Startups with enough venture capital and solid government relationships, like True Anomaly, are leveraging this broader playing field of competitors and security threats to develop designs ahead of Pentagon acquisition. True Anomaly’s Jackal Autonomous Orbital Vehicle is one such spycraft looking for a place in the skies this March, when two prototypes will launch on a SpaceX Falcon 9 rocket rideshare.

All the flexibility that newer actors can bring to space is not built into US systems, though, which is why the Space Development Agency is still only at a proof-of-concept stage for the creation of the infrastructure necessary for its next era of satellite security.
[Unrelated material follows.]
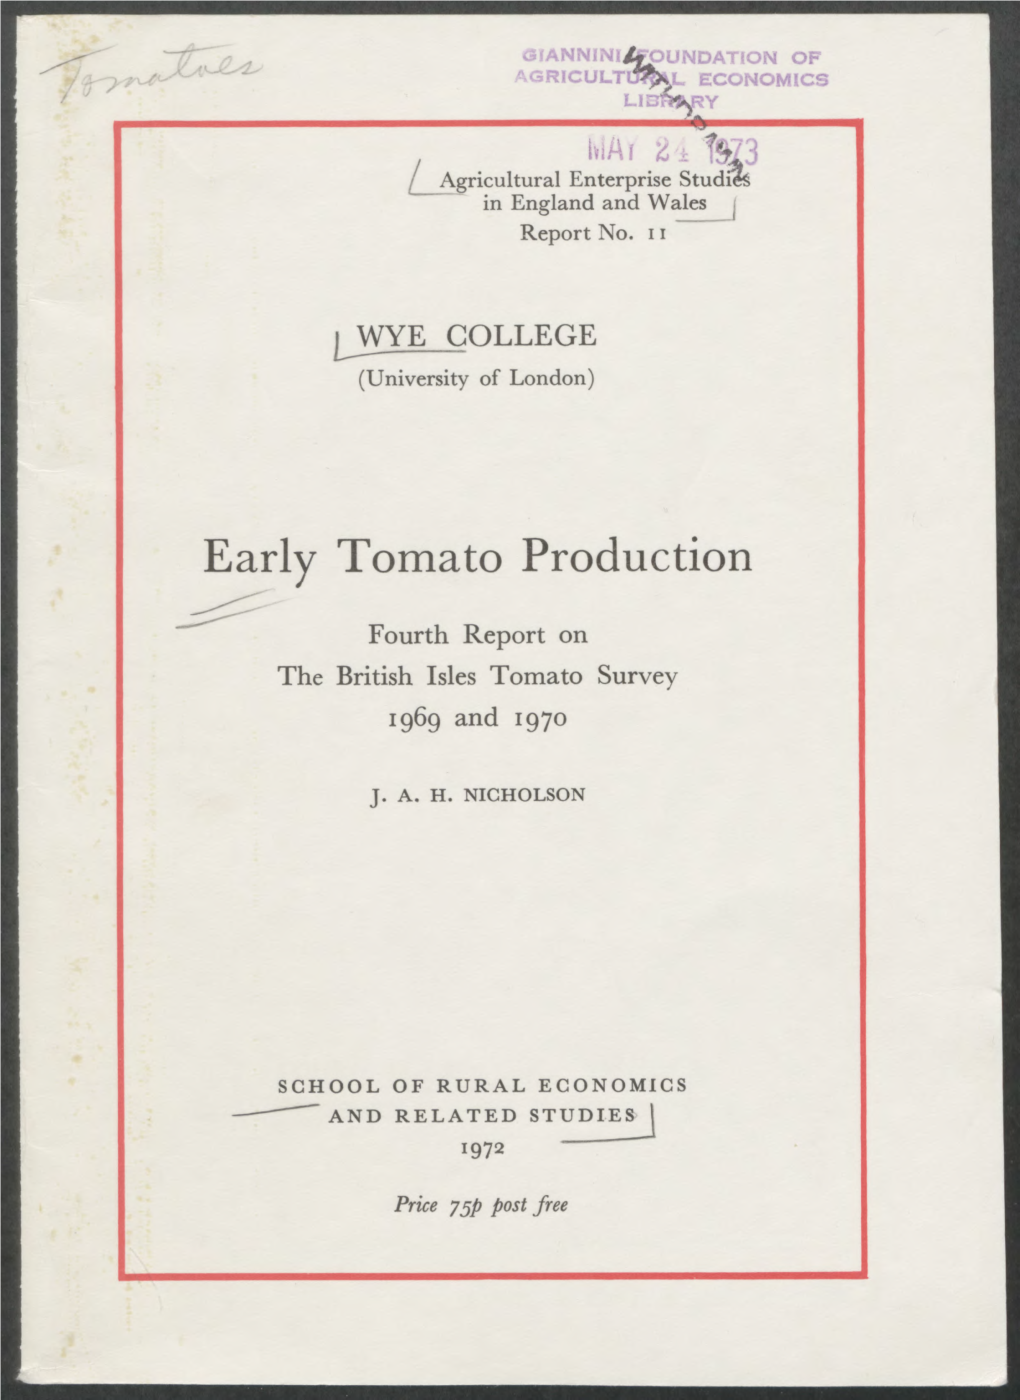 Early Tomato Production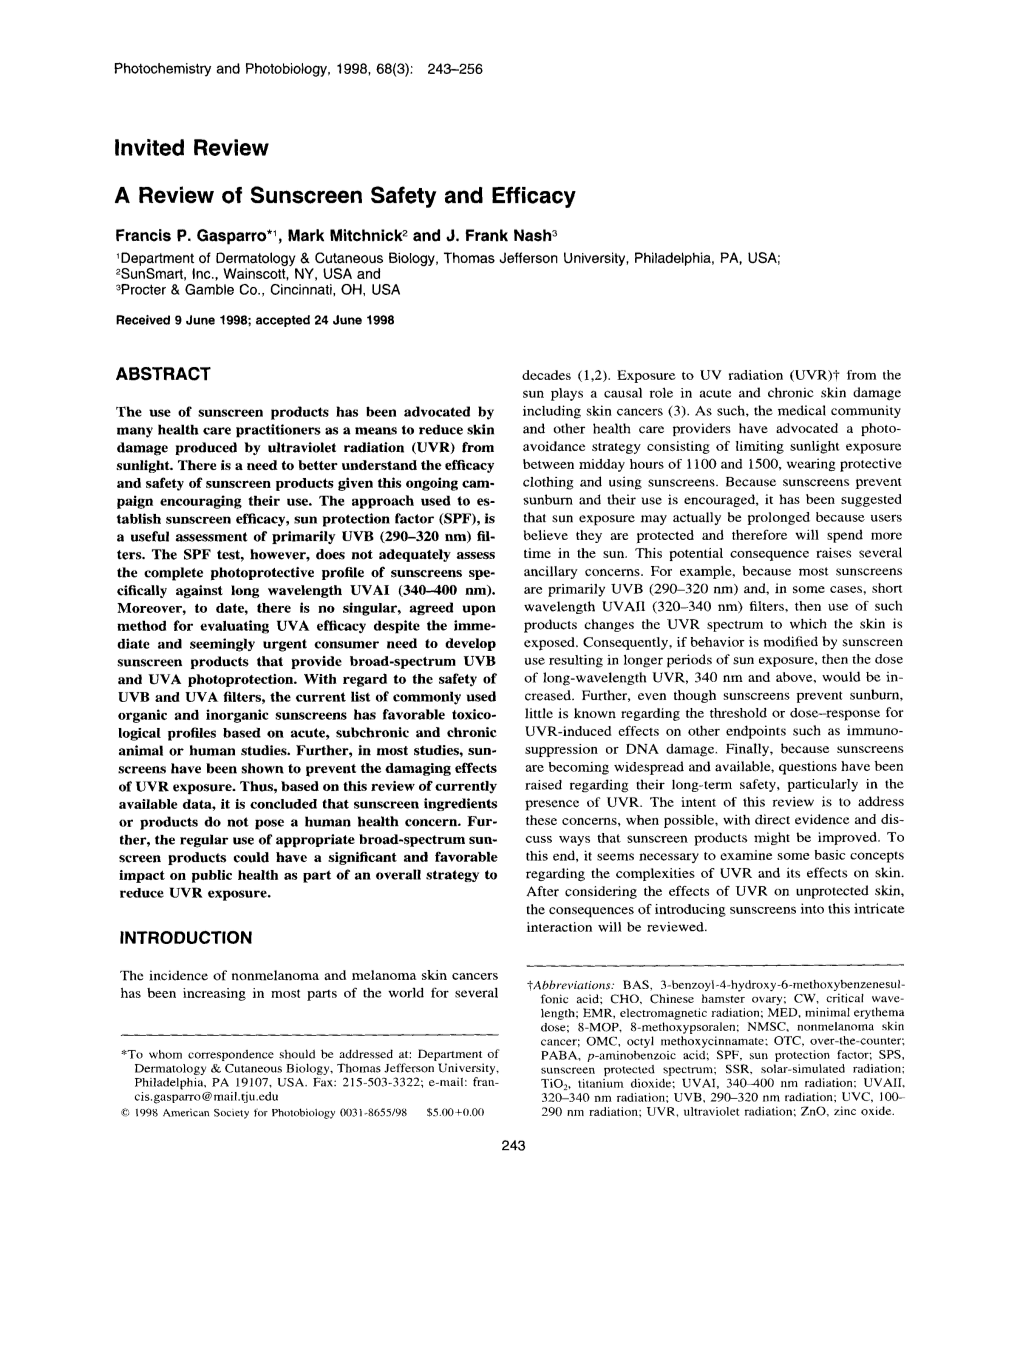 Invited Review a Review of Sunscreen Safety and Efficacy

In a 2022 article for Air & Space Operations Review, “Space Force Culture”, William D. Sanders suggested that engineers will become dominant players in space conflict, but also noted that, to stake its claim in such a future, the US Space Force will have to overcome “ambivalent policies toward fielding counterspace technologies in light of worrisome advancements by China and Russia.”

It’s in this delicate political realm, between an official desire to keep space peaceful and the need to respond to orbital threats in process, that recent nuclear panic like US Congressman Mike Turner’s call for declassified data now finds us.

Average citizens are not informed enough to understand the difference between literal nuclear payloads dropped from high orbit and nuclear-powered devices used to escalate electronic sabotage in the skies.

But we’re going to need this level of media, tech, and military literacy going forward, if we’re to set effective policy for the difficult space race already upon us now.